Unlike other mechanisms for controlling traffic entering your systems, such as the Kubernetes Ingress APIs, Istio gateways let you use the full power and flexibility of Istio’s traffic routing. You can do this because Istio’s Gateway resource just lets you configure layers 4 thorugh 6 load balancing properties such as ports to expose, TLS settings, and so on. Then instead of adding application-layer traffic routing (L7) to the same API resource, you bind a regular Istio Virtual Service to the Gateway. This lets you manage Gateway traffic like any other data plane traffic in an Istio mesh.
Gateways are primarily used to manage ingress traffic, but you can also configure egress gateways.

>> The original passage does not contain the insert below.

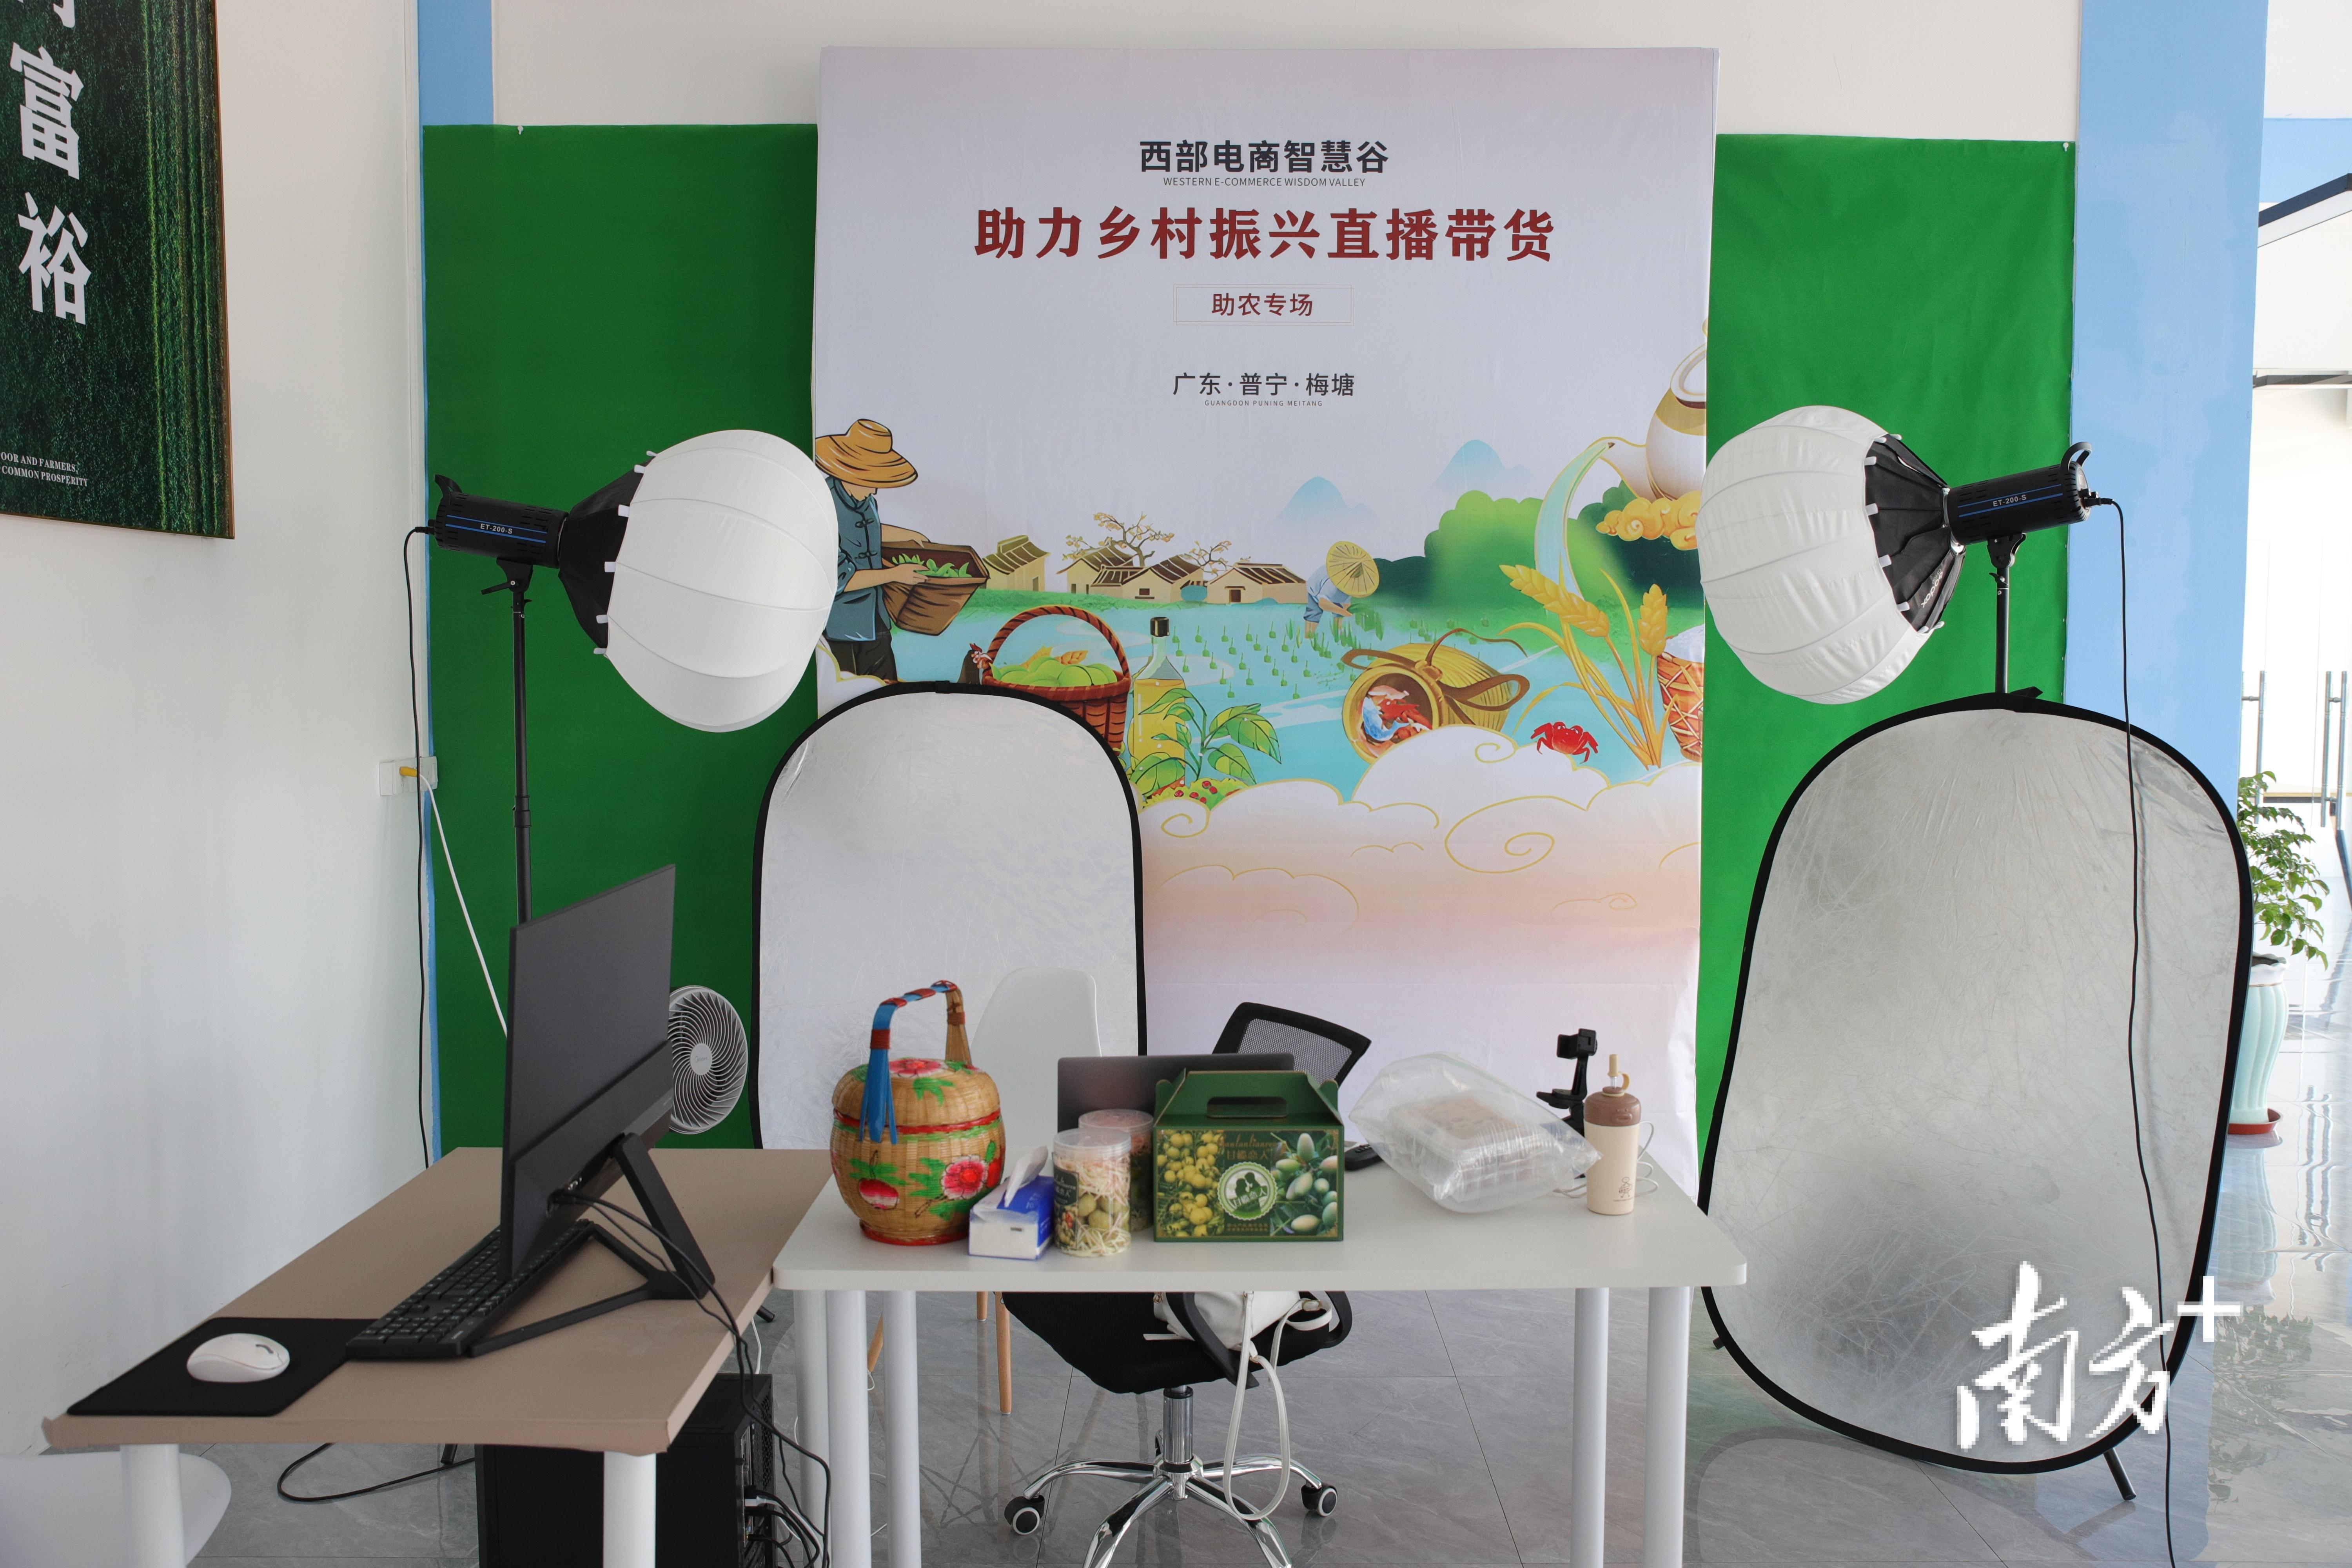 普宁梅塘镇成立电子商务公共服务中心,助力农村电商高质量发展

An egress gateway lets you configure a dedicated exit node for the traffic leaving the mesh, letting you limit which services can or should access external networks, or to enable secure control of egress traffic to add security to your mesh, for example. You can also use a gateway to configure a purely internal proxy.
Important to note that originally the default installation of Istio had an Egress Gateway enabled, but now with newer versions, it is disabled by default. If you wish to install an Egress Gateway, you must enable it explicitly.
EastWest Gateway
An EastWest Gateway is used to manage intra-mesh traffic and is (usually) an SNI Passthrough LoadBalancer; where as a Ingress Gateway is usually a TLS (HTTPS) reverse proxy Loadbalancer that terminates the TLS connection. An EastWest Gateway will be necessary if you are running a multi-cluster Service Mesh, or a multi network Service Mesh. To read more about this, see the Istio docs here: Install MultiCluster.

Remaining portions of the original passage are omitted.